The Pakistani army is likely to be distinctly unimpressed by this approach to negotiating and without the army’s approval, any political initiative is toothless. There is, in fact, a fundamental dissonance between the army’s strategic vision and the TTP’s goals that undercuts the very idea of a dialogue at the present point in time.

The TTP may swear allegiance to Mullah Omar, leader of the Afghan Taliban, but it is situated firmly in a Pakistani context; in practical terms, it has little in common with its counterpart across the border.

When the Pakistani army went into Khyber Pakhtunkhwa and the Federally Administered Tribal Areas to support US military action across the border in the immediate aftermath of the US invasion of Afghanistan, it triggered a backlash by tribal groups native to the region that viewed the incursions as attacks on their autonomy.

Thus, the coming together of these rebel groups to form the TTP in 2007 is rooted in their fight against the Pakistani state their continuing raison d’etre, for all that they also pay lip service to the idea of fighting international forces in Afghanistan. This is in stark contrast to the Afghan Taliban that depends heavily on the Pakistani army and has attempted unsuccessfully on occasion to get the TTP to switch targets.

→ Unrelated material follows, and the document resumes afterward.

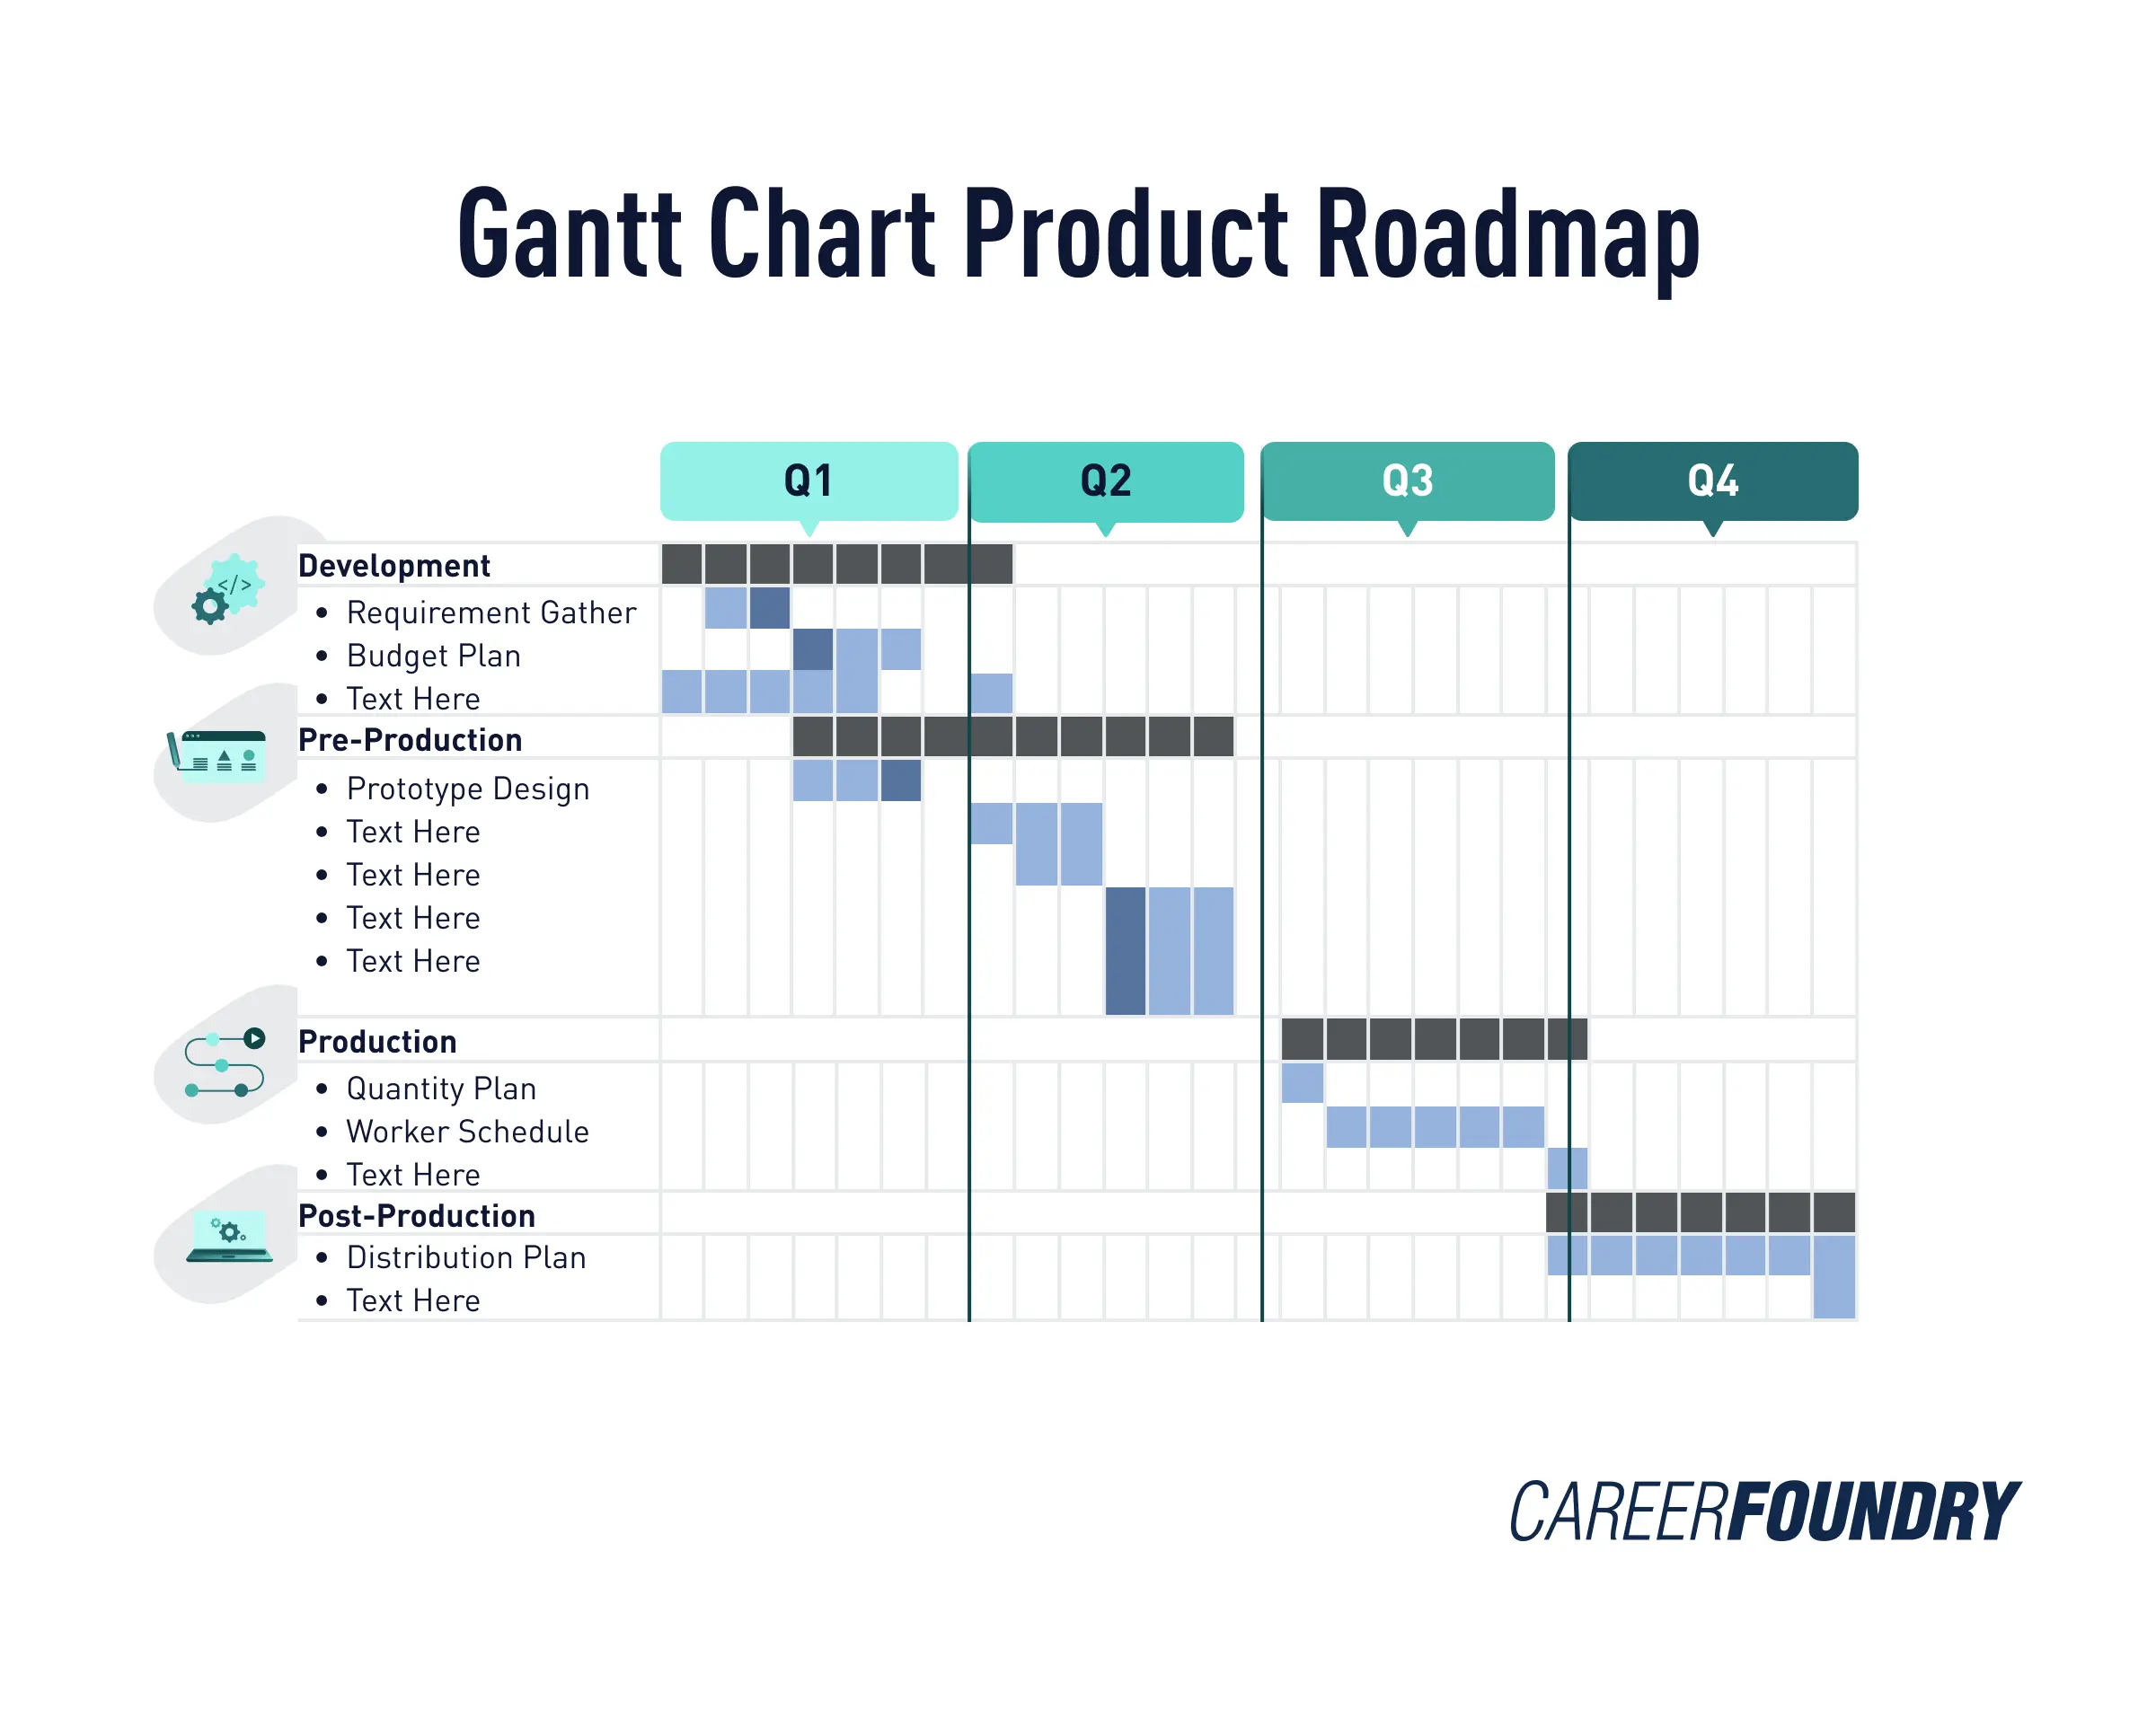 An example of a Gantt product roadmap chart.

The upshot is that Rawalpindi draws a sharp distinction between the Afghan Taliban and the TTP. It may see the former as a strategic asset in the struggle for control over Afghanistan, but the latter is a rival within Pakistan that it has little reason to countenance.

The TTP’s growing links with al-Qaeda do not help matters. There is no profit for the Pakistani state in either the increased international visibility that link brings or the prospect of increased terrorist activity within the country’s borders, adding to the past six years’ death toll of some 40,000 people.

Given these factors, it is more likely than not that the proposed peace talks will not reach fruition. The more plausible scenario is that the Pakistani army will attempt to splinter the TTP via military pressure and selective engagement, a tactic that the coalition of various groups may be vulnerable too.

The latter has already taken against Asmatullah Muawiya, leader of sister organisation and one of its main avenues of exerting influence outside Pashtun areas, the Punjabi Taliban, for welcoming the offer of peace talks.

With 2014 and the withdrawal of international troops from Afghanistan approaching, the stakes are rising and Rawalpindi is unlikely to bet on Islamabad’s good intentions.